== Exercise ==
In the copy of the lines below, leave out pictures and print everything else exactly.
(Beginning of Information shown)
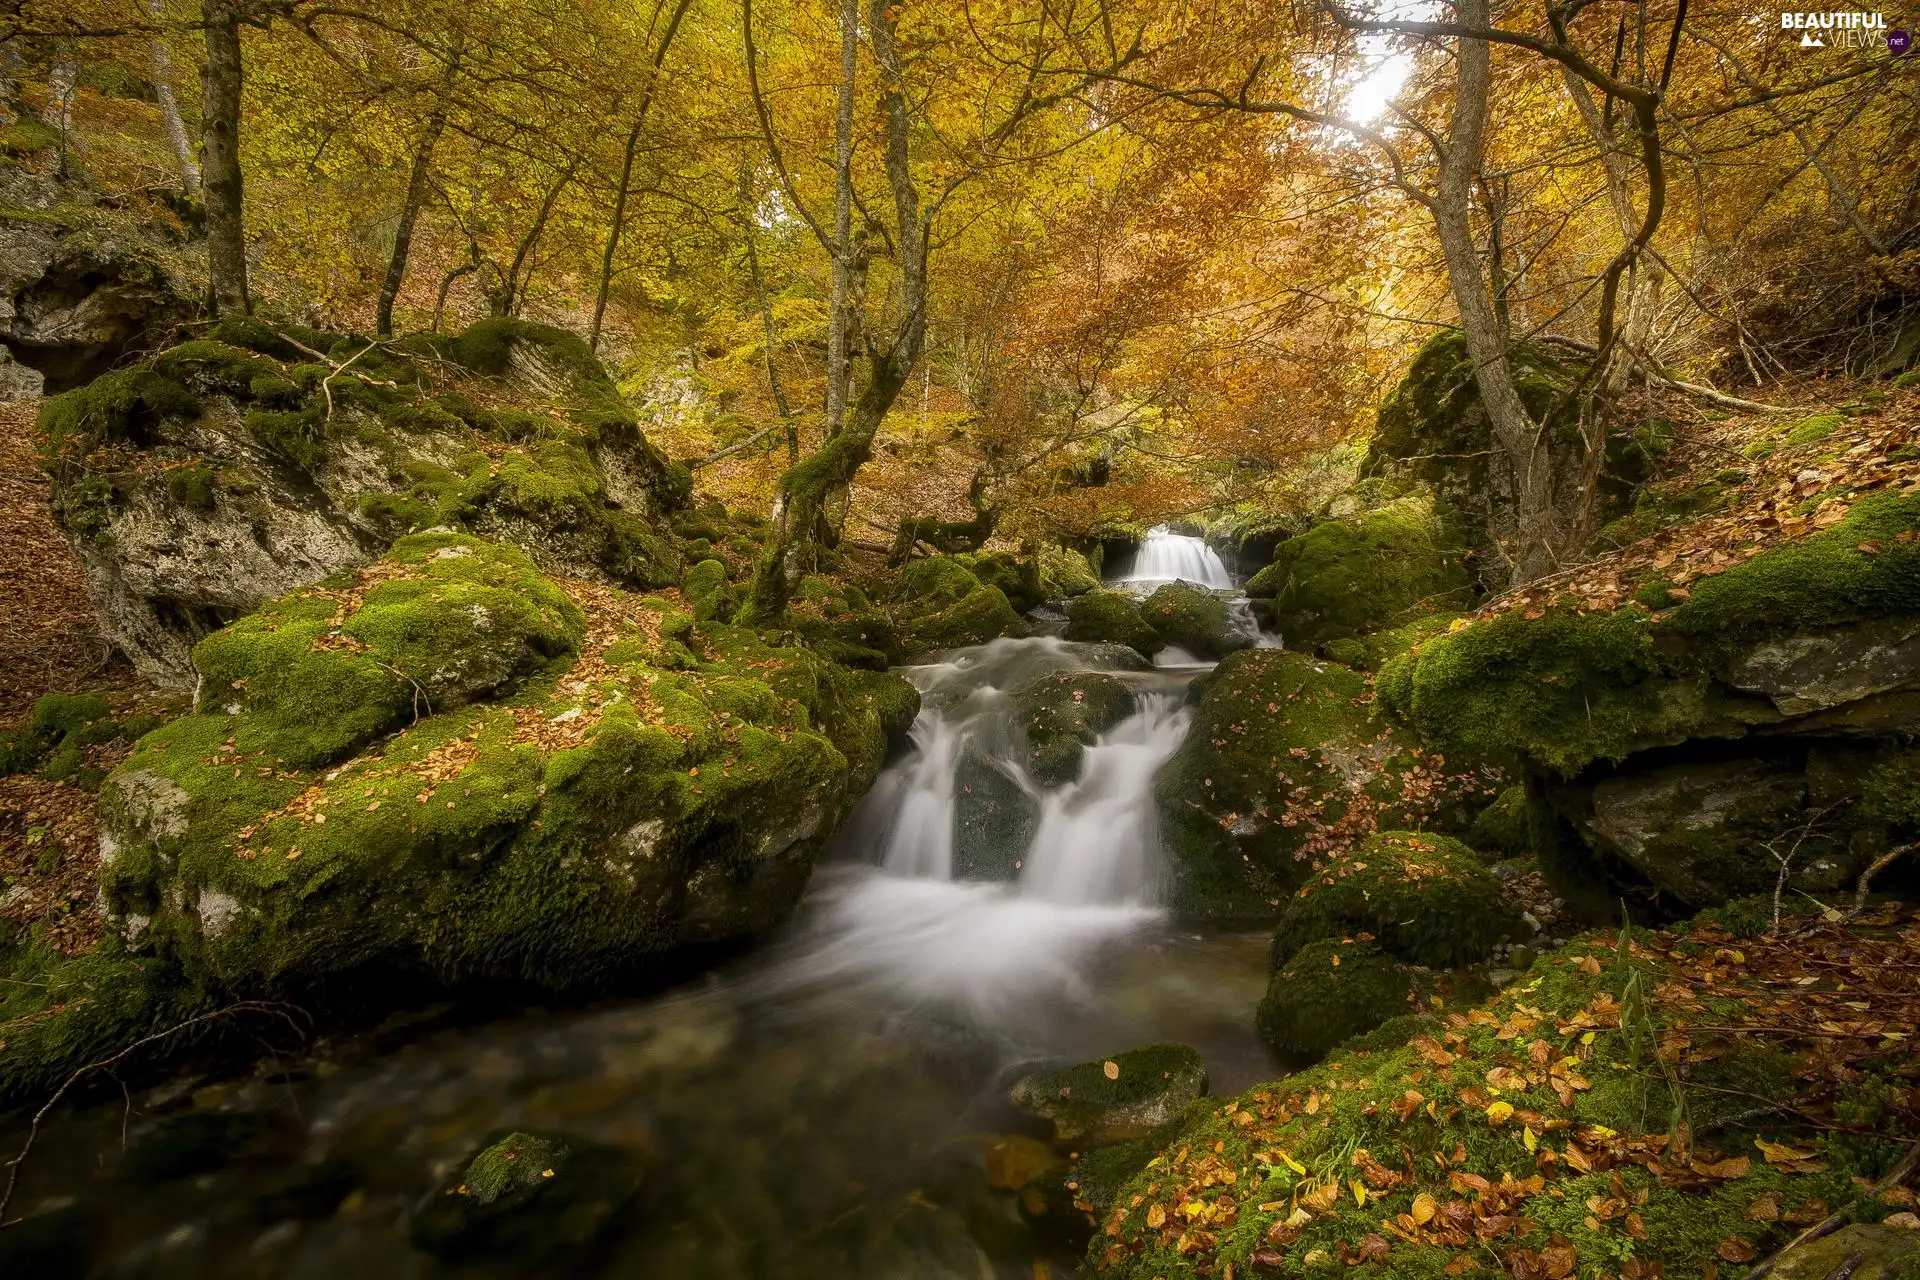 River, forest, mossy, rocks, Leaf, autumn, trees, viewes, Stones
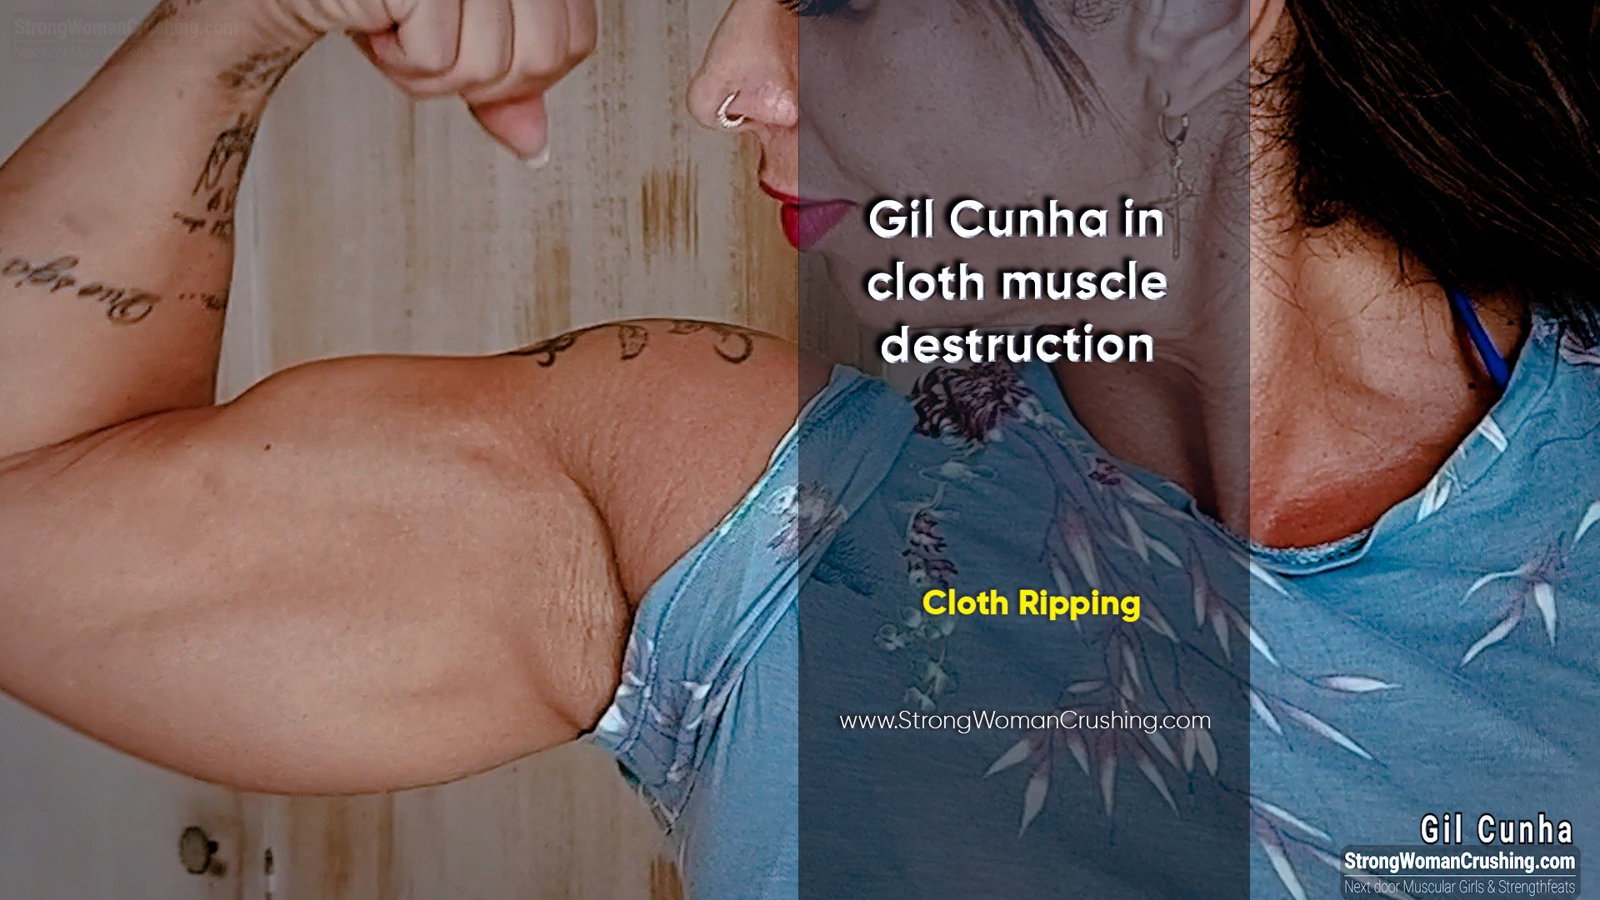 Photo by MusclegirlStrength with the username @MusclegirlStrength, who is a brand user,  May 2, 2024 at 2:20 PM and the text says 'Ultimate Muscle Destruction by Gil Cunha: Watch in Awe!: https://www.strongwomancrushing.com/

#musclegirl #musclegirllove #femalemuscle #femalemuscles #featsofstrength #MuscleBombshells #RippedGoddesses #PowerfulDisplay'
(End of Information shown)
== Written response ==
 River, forest, mossy, rocks, Leaf, autumn, trees, viewes, Stones
 Photo by MusclegirlStrength with the username @MusclegirlStrength, who is a brand user,  May 2, 2024 at 2:20 PM and the text says 'Ultimate Muscle Destruction by Gil Cunha: Watch in Awe!: https://www.strongwomancrushing.com/

#musclegirl #musclegirllove #femalemuscle #femalemuscles #featsofstrength #MuscleBombshells #RippedGoddesses #PowerfulDisplay'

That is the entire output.